Friday, February 2, 2024

Q&A with Jessica Bryant Klagmann

 


 

Jessica Bryant Klagmann is the author of the new novel This Impossible Brightness. Her work has appeared in a variety of publications, including Whitefish Review. She is based in New Mexico.

 

Q: What inspired you to write This Impossible Brightness, and how did you create your character Alma?

 

A: I’d been thinking about the advice to “write what you know,” and I realized that what I know, and what I was curious about exploring more, was what it’s like being an introvert in what sometimes feels like an extrovert world.

 

I thought that quiet people are often good listeners, too, which is where the idea for Alma to tell the Echoes’ stories came from.

 

After reading about a real town in New Brunswick where the residents once heard broadcasts from a shortwave radio tower through the appliances in their homes, I started thinking about why radio transmissions like that might be meaningful to someone who is grieving and dwelling in memory.

 

This is where Alma’s search for her lost fiancé came into the story, and the threads started to come together.

 

Q: The writer Anne Valente said of the book, “At once haunting and visionary, Jessica Bryant Klagmann's This Impossible Brightness asks us to consider ghosts in their many forms--literal ghosts, the ghosts of grief that follow all of us, and the ghost of a present-but-disappearing earth amid climate devastation.” What do you think of that description?

 

A: I love this review so much that it’s become my go-to when people ask me what the book is about.

 

I wish I’d come up with the idea of “ghosts in their many forms” myself, because it touches on all of the important themes of the novel, and if you replaced the word “ghosts” with “voices,” it would still be the perfect way to capture the heart of the story, which is listening to our inner voices, the voices of others, and the voice of the natural world.

 

Q: Did you know how the novel would end before you started writing it, or did you make many changes along the way?

 

A: I outlined what I thought was the complete novel, and I knew how I wanted the themes to tie together, but plot-wise, I didn’t know exactly how it would end.

 

I made a lot of changes along the way, mostly because when I do research, I find so many things interesting that I want to include all of them, which of course I can’t.

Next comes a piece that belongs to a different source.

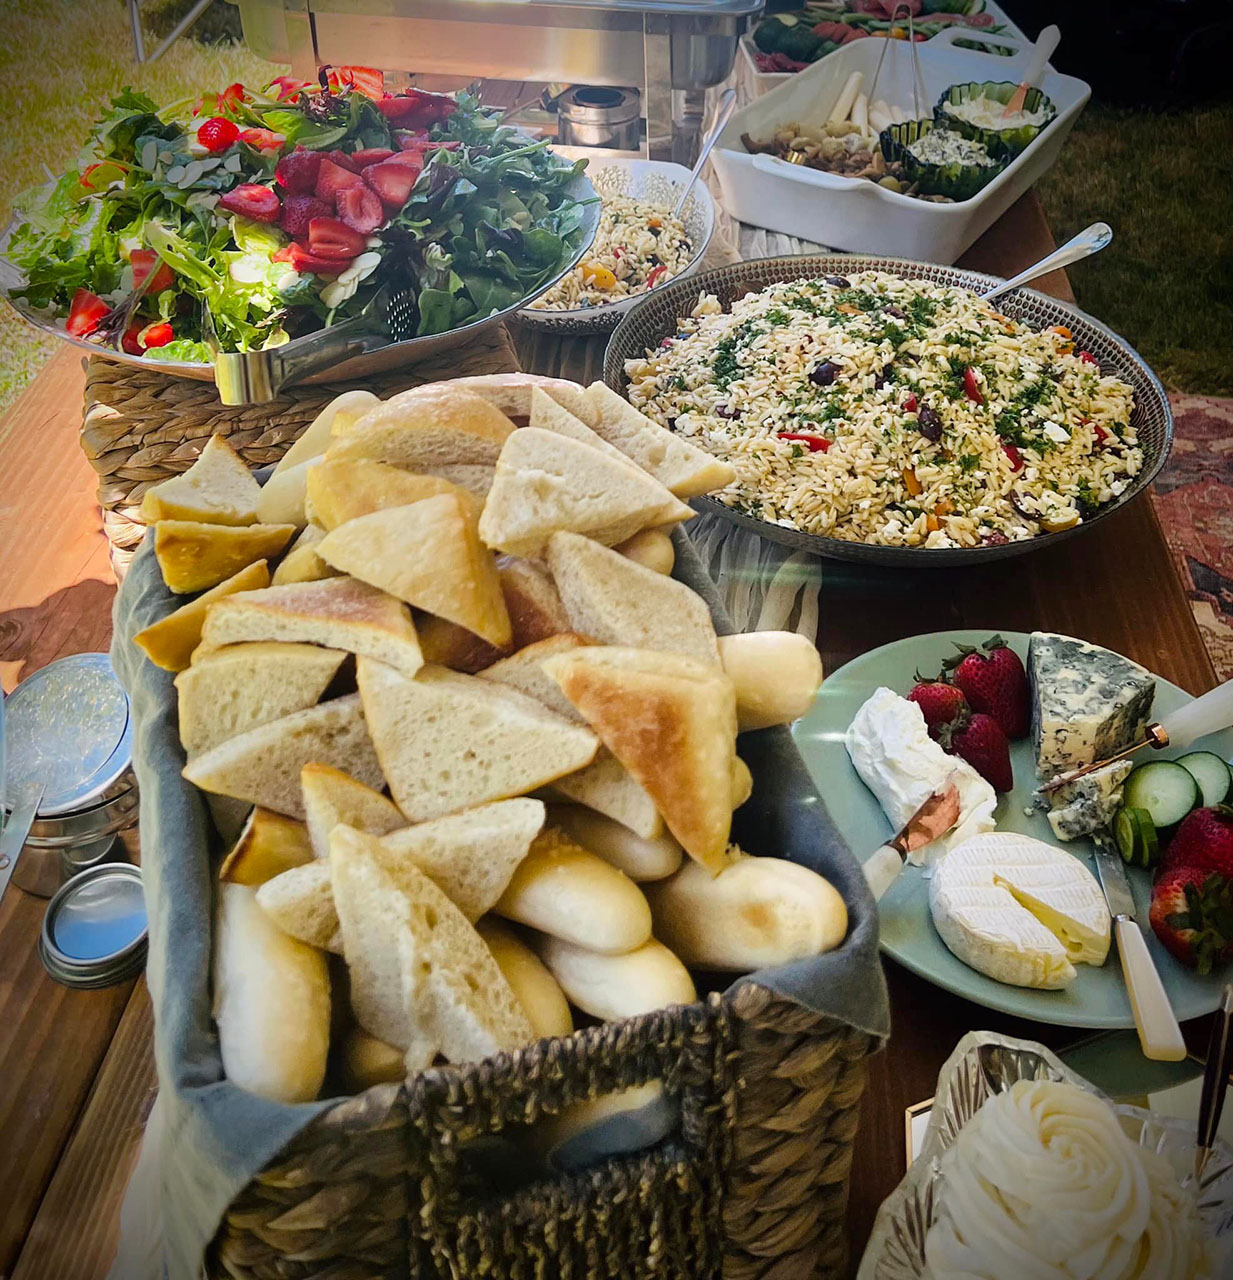 Catering by Divine South Kitchen and Catering in Gold Beach, Oregon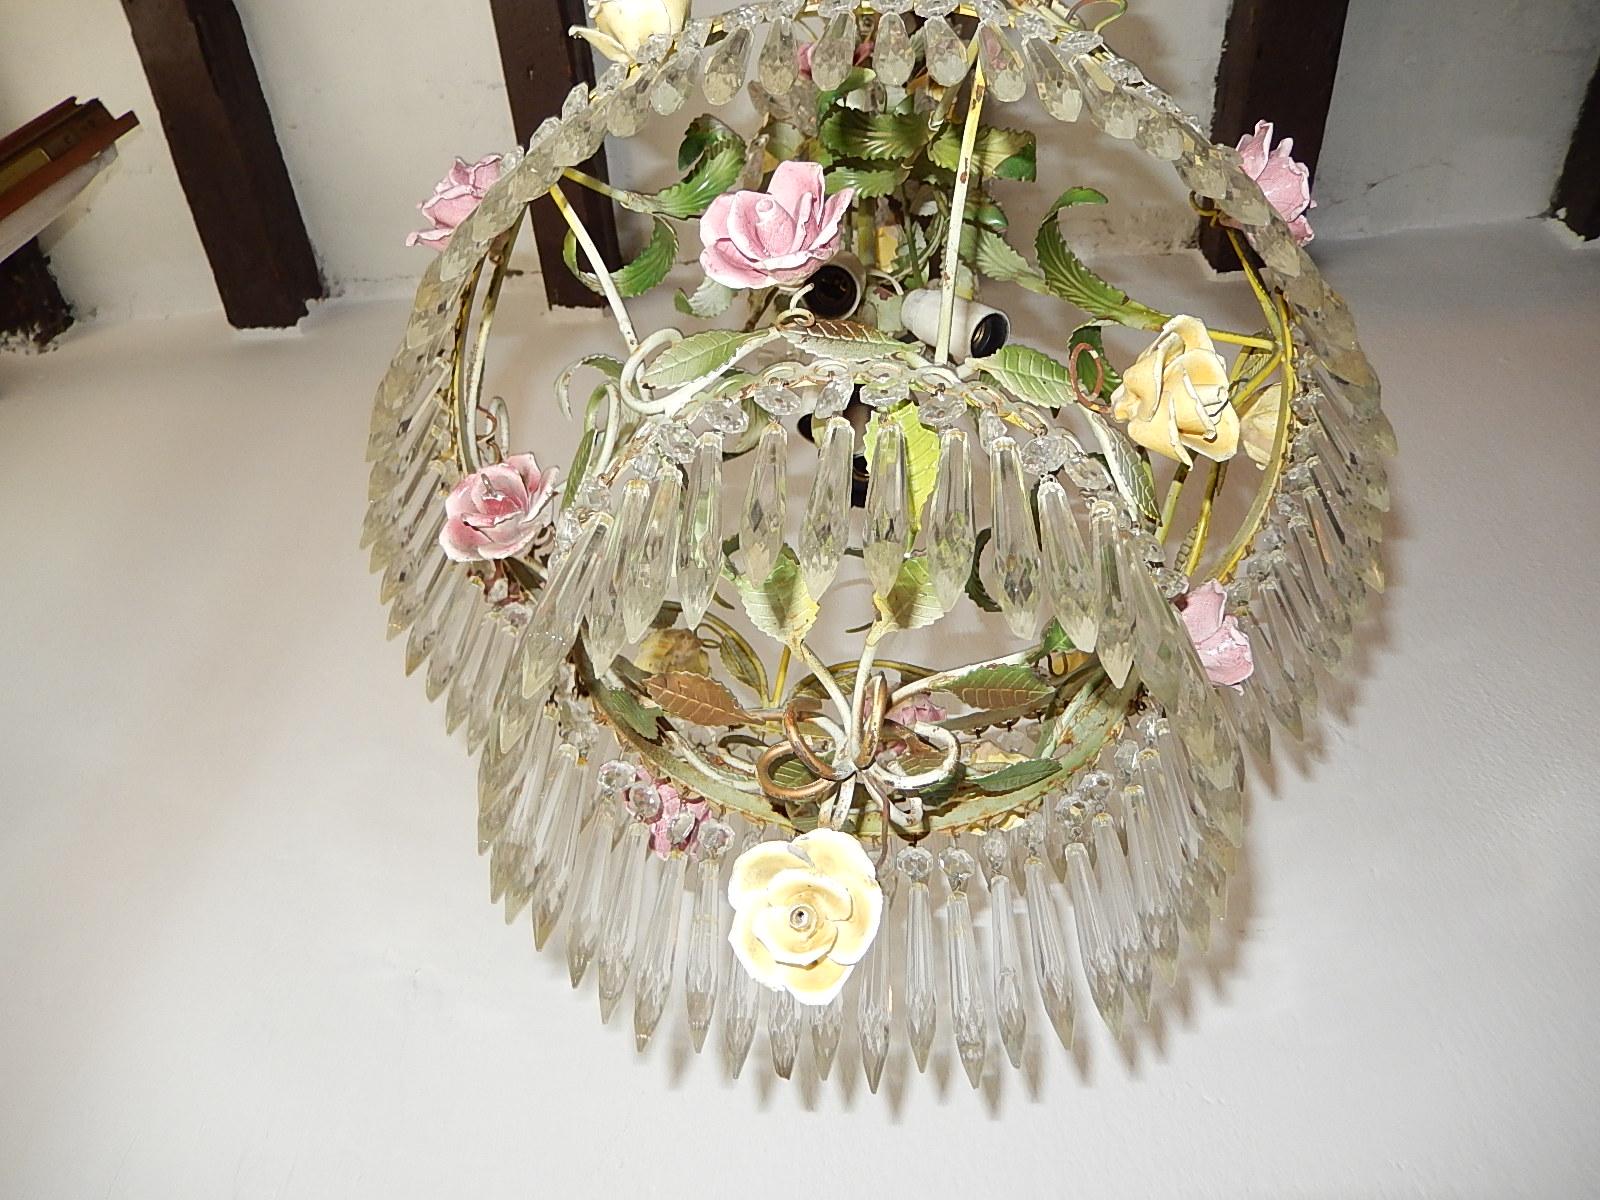 Mid-20th Century French Porcelain Rose and Crystal Prisms, Four-Tier Chandelier circa 1940 For Sale

But the story turned in a new direction, for example, when I read about the town that heard radio transmissions through their household objects.

 

Another change happened when, after I’d written about half of the book, I asked my husband—who always reads my work first—to read it and tell me if he thought I should keep writing. He had the idea to jump forward in time quite a bit and show Alma as an older woman. I wasn’t sure about it at first.

 

Shortly after that, I was reading a collection of family biographies that my grandmother compiled going back to my French-Canadian great-great-grandparents, and I stumbled upon a distant relative whose childhood nickname was Kricket.

 

When I imagined a character with this name, the idea came very quickly to use this outsider as the catalyst for Alma’s salvation, and then leaping into the future suddenly seemed like the perfect ending.

 

Q: How was the book’s title chosen, and what does it signify for you?

 

A: This Impossible Brightness was not the original title. It was initially the title of the character Hayden’s book within the book about Violette’s radio tower.

 

When my editor and I discussed new title options, she said it was too bad This Impossible Brightness was already taken. I thought it was a great title, though, that encompassed many of the themes.

 

There are a few literal instances of brightness, such as when the lightning hits the tower and when Alma first meets Alex. But there is also a reference in each of the Echoes’ stories to their “brightness,” which is like their spark—what makes them who they are.

 

It’s tied to a regret, or a darker piece of their history that they turned into something light. The book is about Alma eventually finding her brightness as well.

 

This Impossible Brightness pulled all of these ideas together for me. We decided to go with it, so unfortunately for Hayden, he had to change his title.

 

Q: What are you working on now?

 

A: I’m working on a novel set in Alaska. It’s about resilience and adaptation and finding a sense of lightness in the way we live every day. There are definitely magical realism elements, but it’s less speculative and more grounded in reality. It will be published by Lake Union in the fall of 2025.

 

Q: Anything else we should know?

 

A: Thank you for having me to discuss This Impossible Brightness!

 

I guess I’ll end by saying that I hope your readers enjoy it, and I hope it leaves them with the impression that, while telling stories is important, listening is also essential, especially in this often loud world. And maybe that means listening to ourselves, to others, or to the natural world, but hopefully all of them.